Supplied data
◇ ◇ ◇ ◇ ◇ ◇ ◇

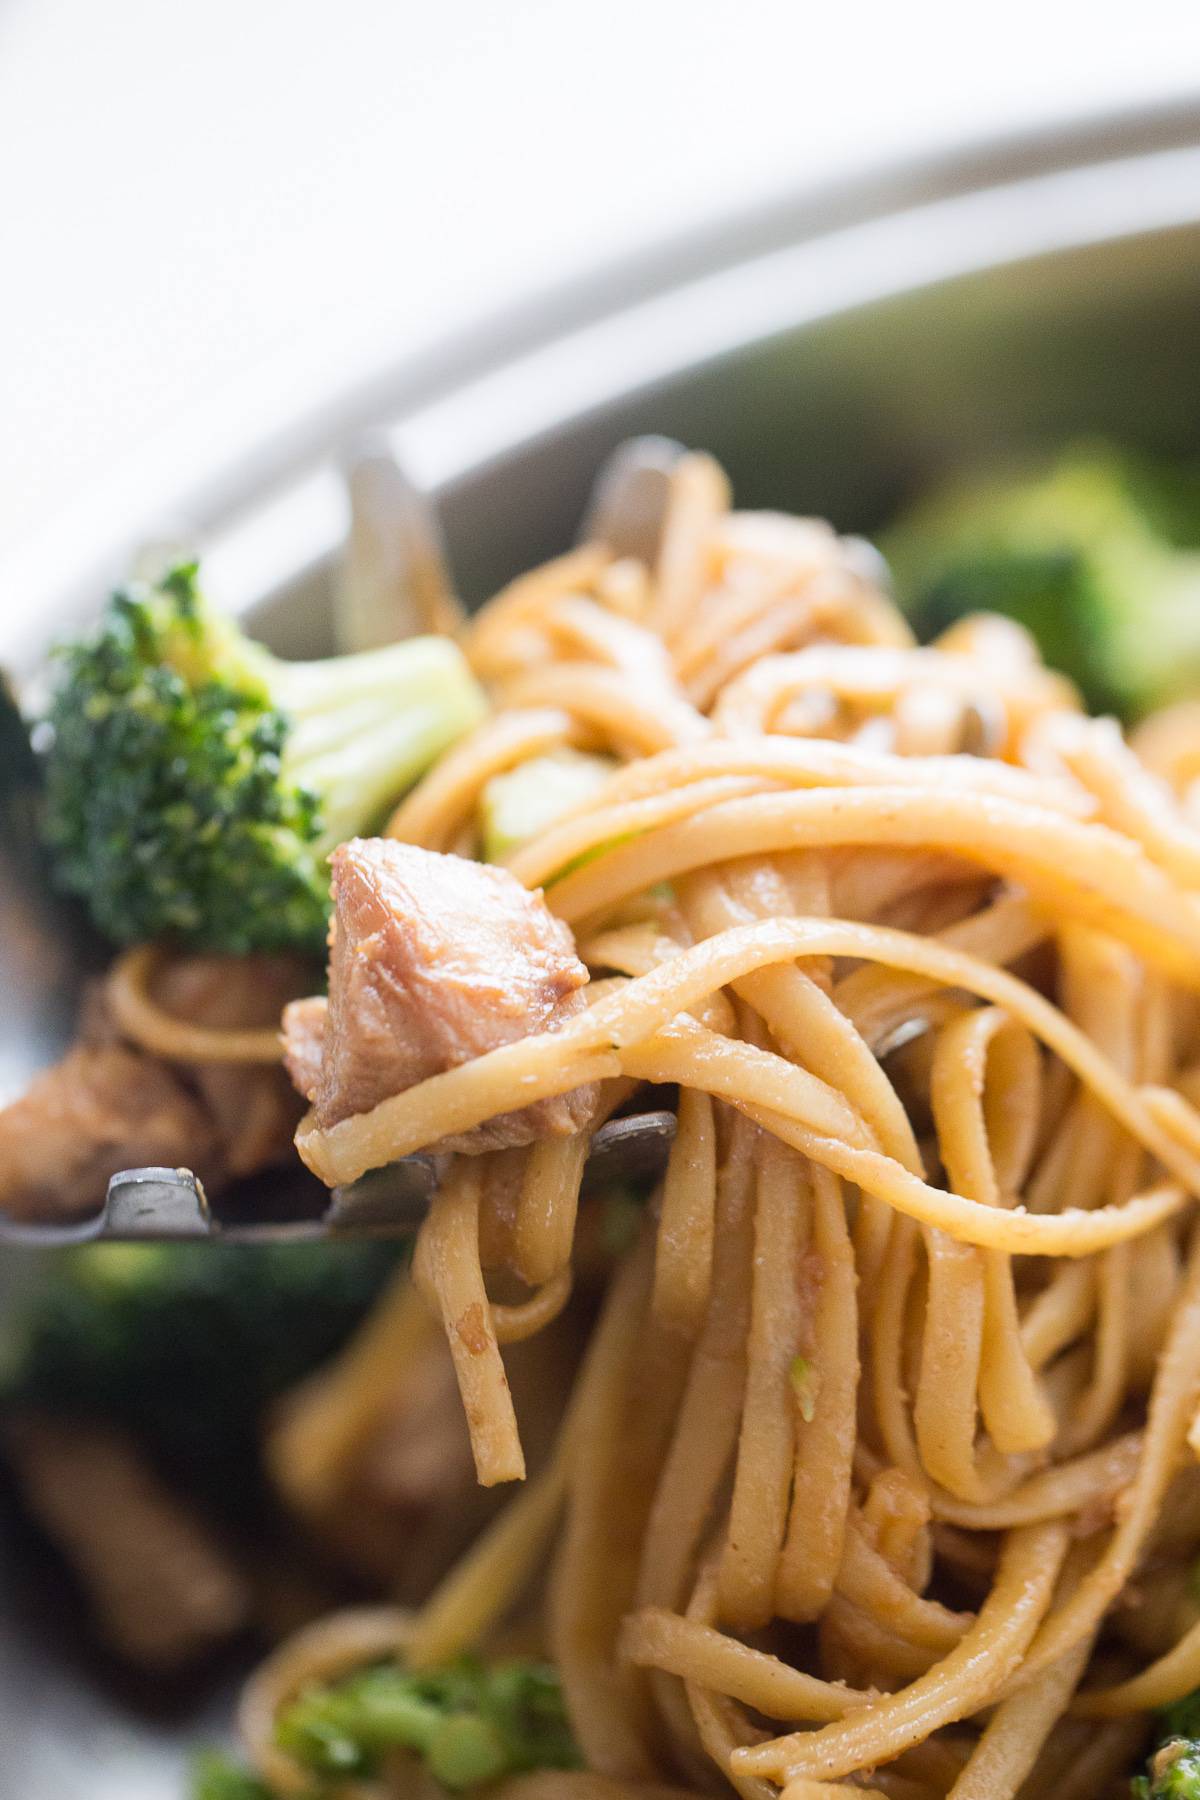 This chicken and broccoli stir fry is better than take out! You control the ingredients!
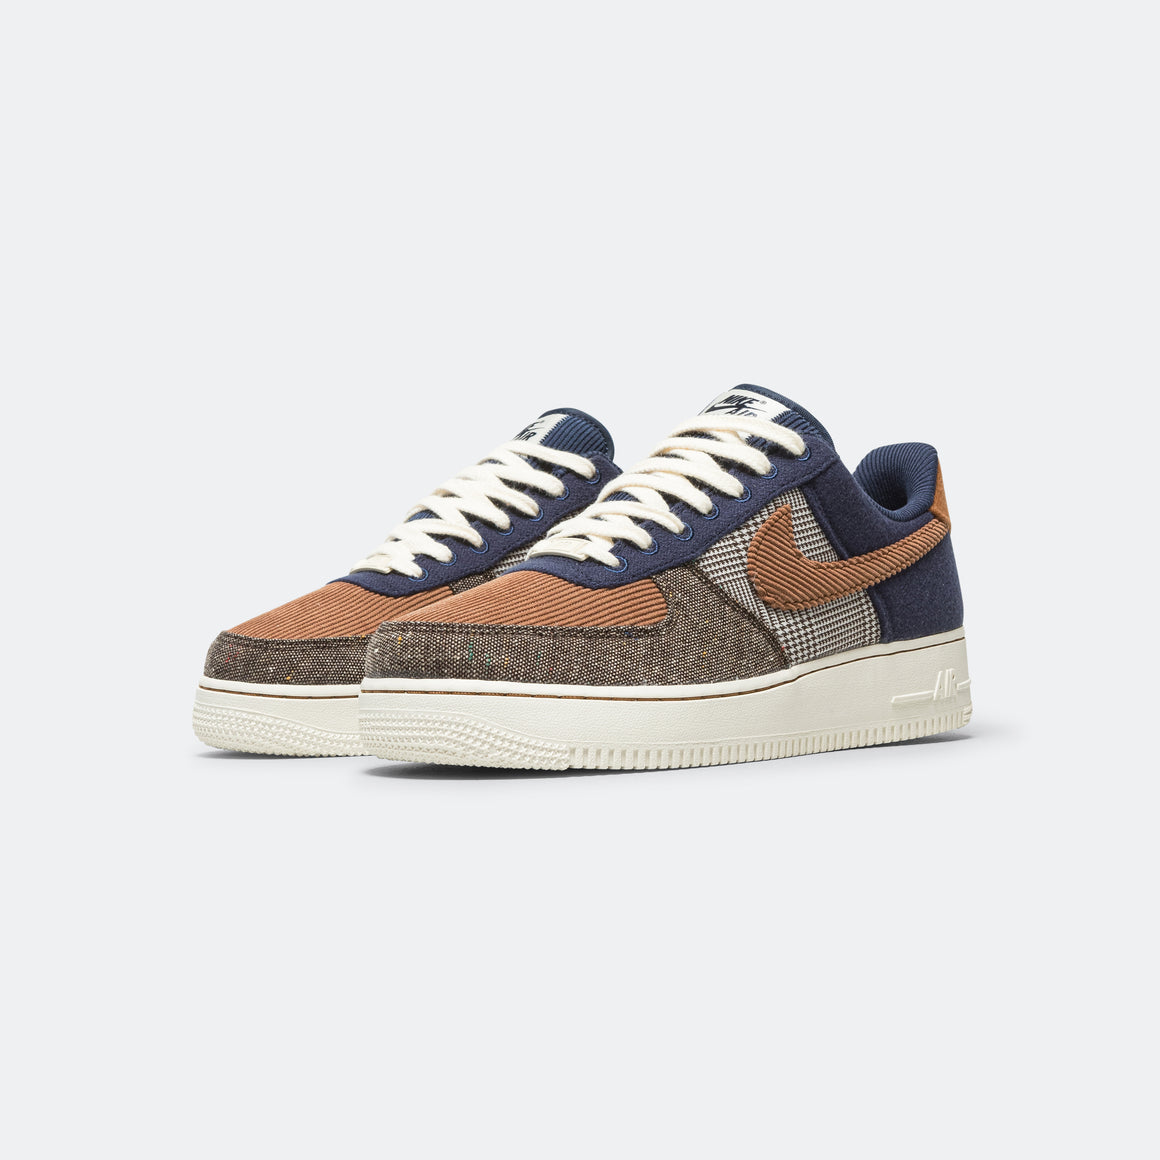 Air Force 1 '07 PRM - Midnight Navy/Ale Brown-Pale Ivory
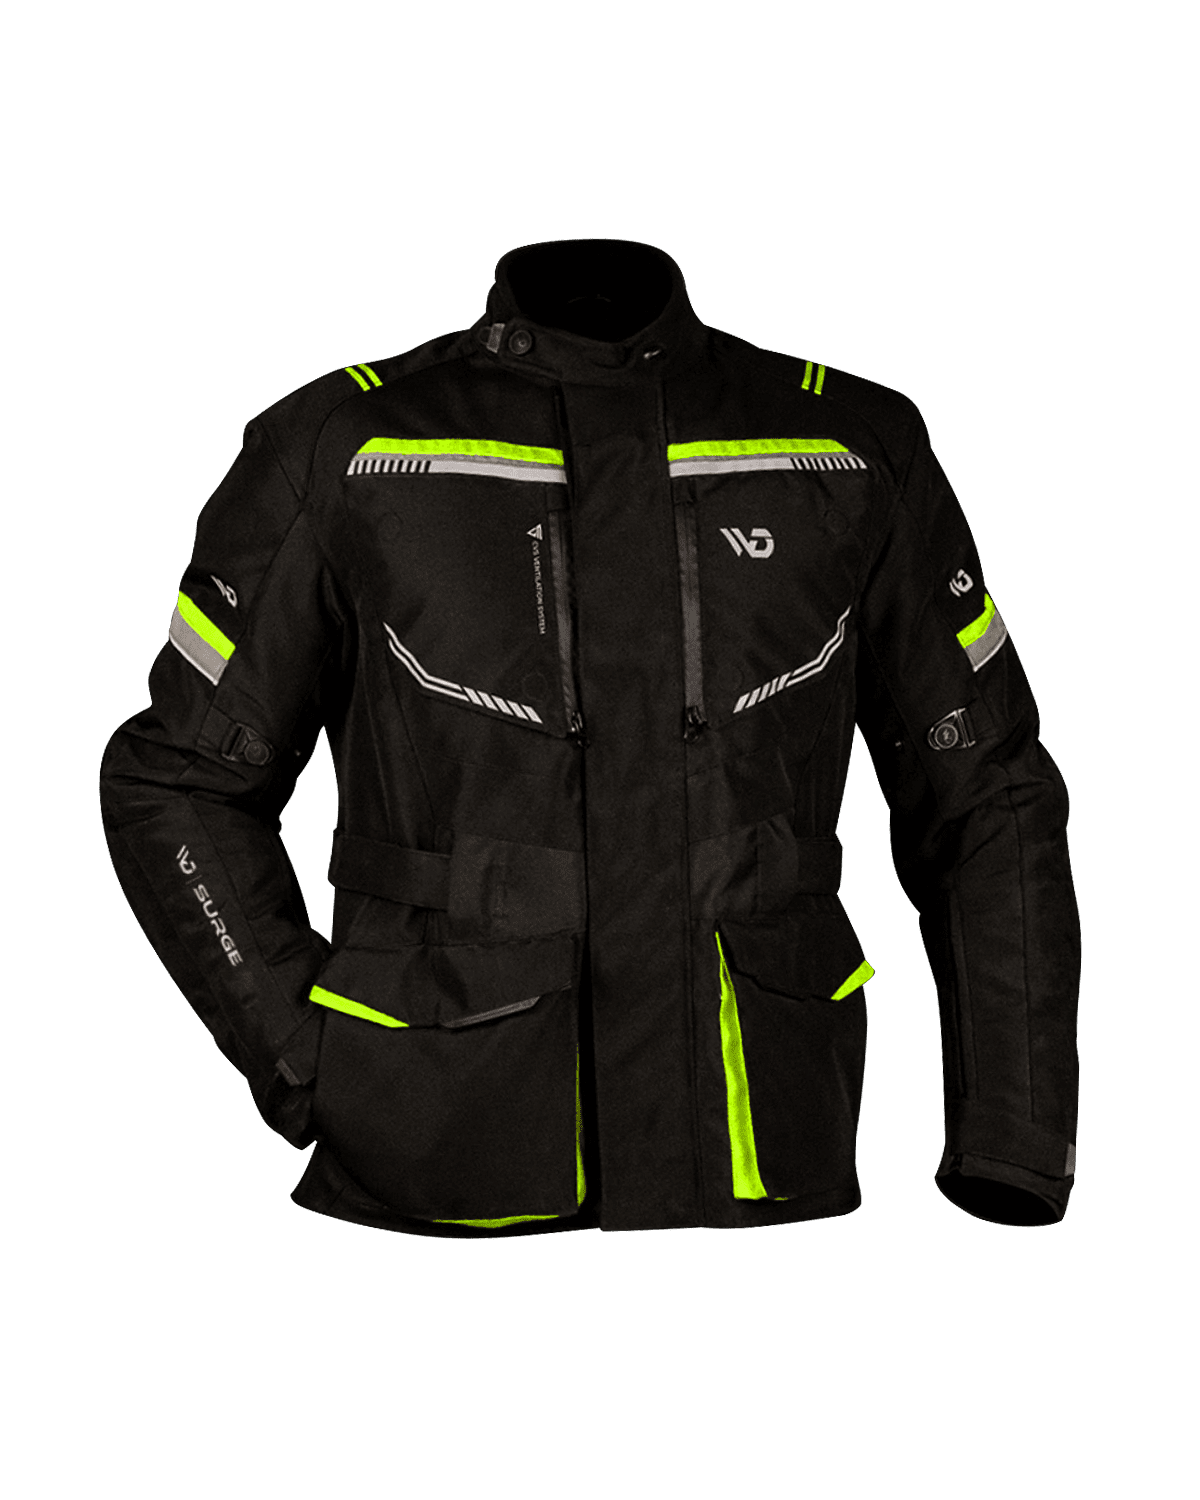 Men Jacket - WD Motorsports | Shop Motorcycle Suits Leather Jackets and Accessories

◇ ◇ ◇ ◇ ◇ ◇ ◇

Work task
Return the material above in exact form. Pictures stay out.

Output of the task
 This chicken and broccoli stir fry is better than take out! You control the ingredients!
 Air Force 1 '07 PRM - Midnight Navy/Ale Brown-Pale Ivory
 Men Jacket - WD Motorsports | Shop Motorcycle Suits Leather Jackets and Accessories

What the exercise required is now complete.